Commentary

Bad messaging

A Prince William Sound seiners haul 24 cent per pound pink salmon/YouTube

Alaska salmon, the poor folks’ seafood!

Why, oh why, do the political leaders of the 49th state want to portray Alaska salmon as a commodity the market doesn’t want?

First it was the Alaska Congressional delegation pushing the U.S. Department of Agriculture (USDA) to buy salmon as part of a move that Sen. Lisa Murkowski, the state’s senior senator, in February told Alaskans aimed at “bolster(ing) Alaska’s seafood industry and support our coastal communities” that “will help bring the highest-quality and healthiest seafood products in the world to families in need.”
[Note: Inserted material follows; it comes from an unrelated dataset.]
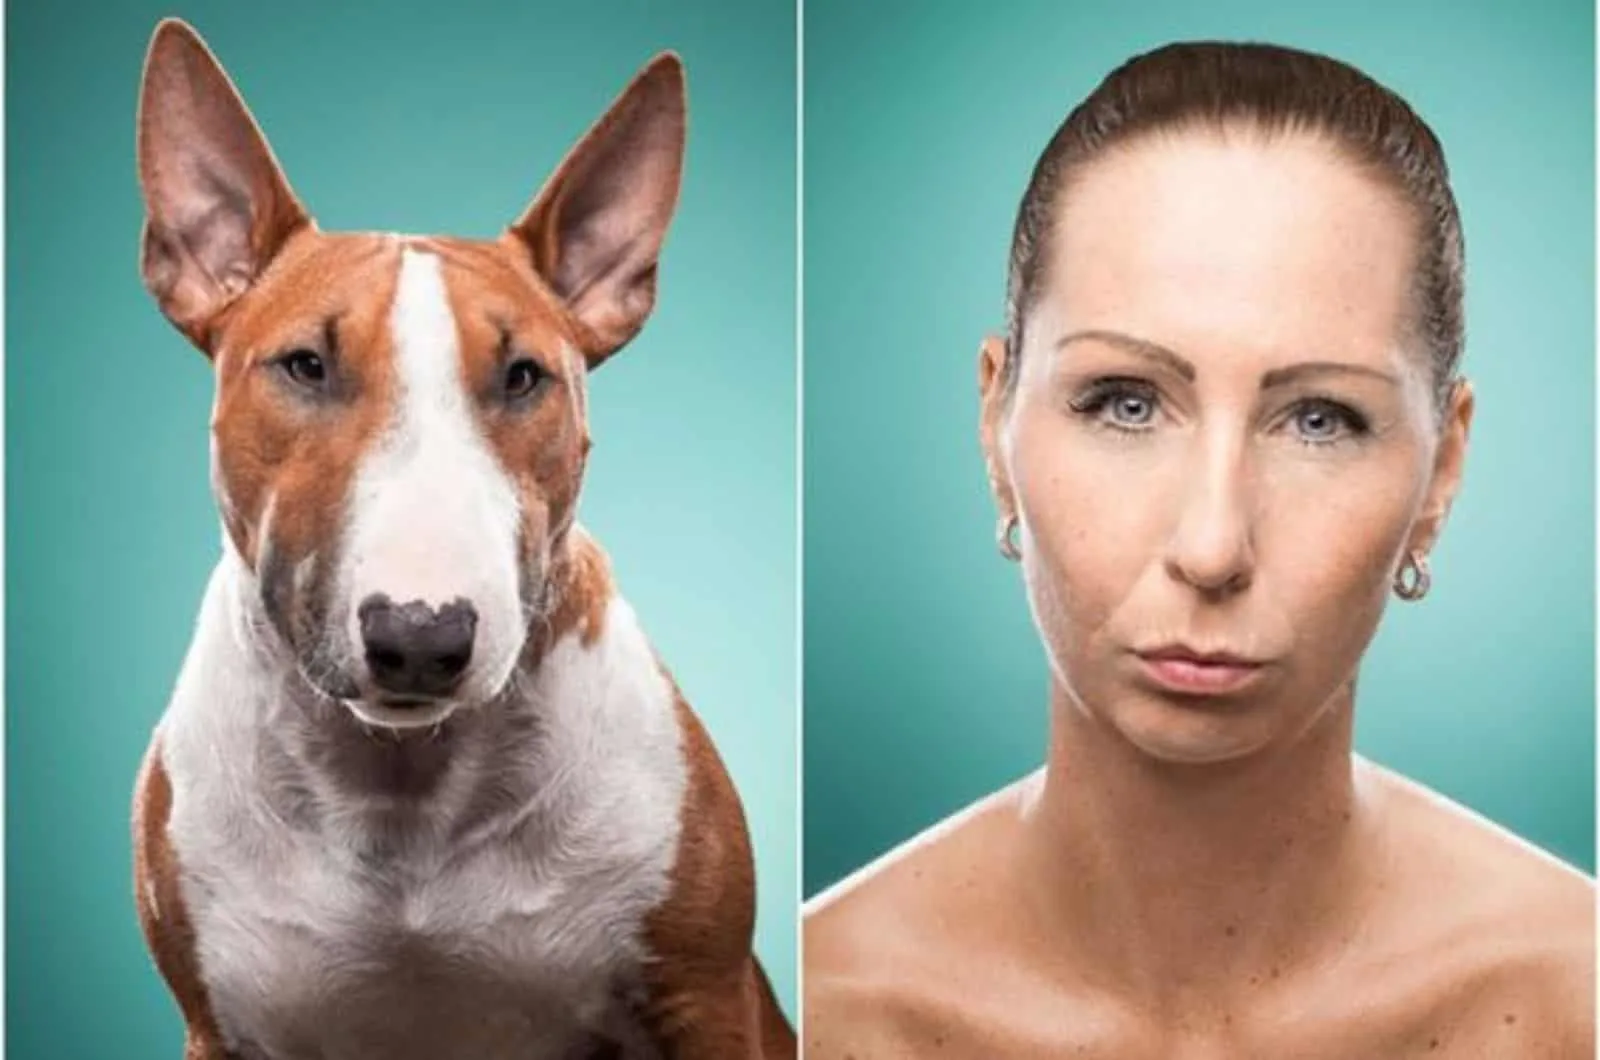 woman and dog looking similar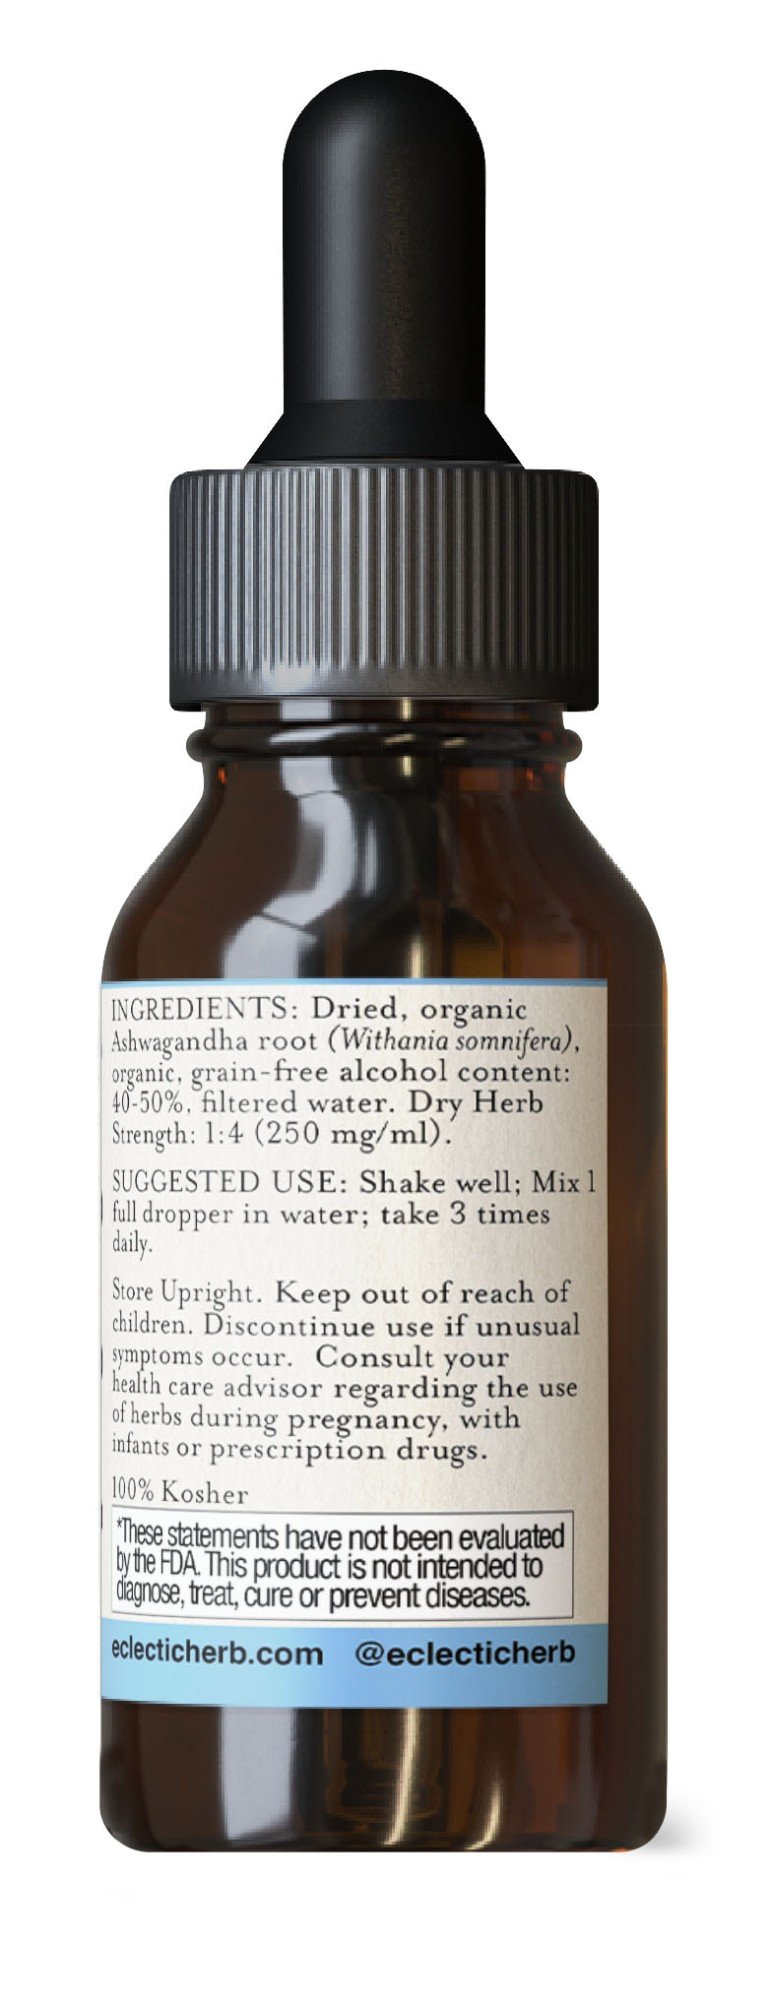 Eclectic Herb Ashwaghanda Extract 1 oz Liquid

Murkowski at least had the sense to try to spin the purchase as an aid program for American women, infants and children in need when she made a national pitch two months later.

“It is great news for America’s mothers and their children…that USDA is including low-mercury seafood like Alaska salmon in more WIC food packages,” her official communique said then. “Alaska’s wild salmon is among the healthiest and most nutritious food in the world and I’m grateful for Alaska’s fishermen and the seafood industry who help provide it to consumers. I’ve long worked on this issue because Alaskan seafood should be accessible to America’s children and mothers in our food programs.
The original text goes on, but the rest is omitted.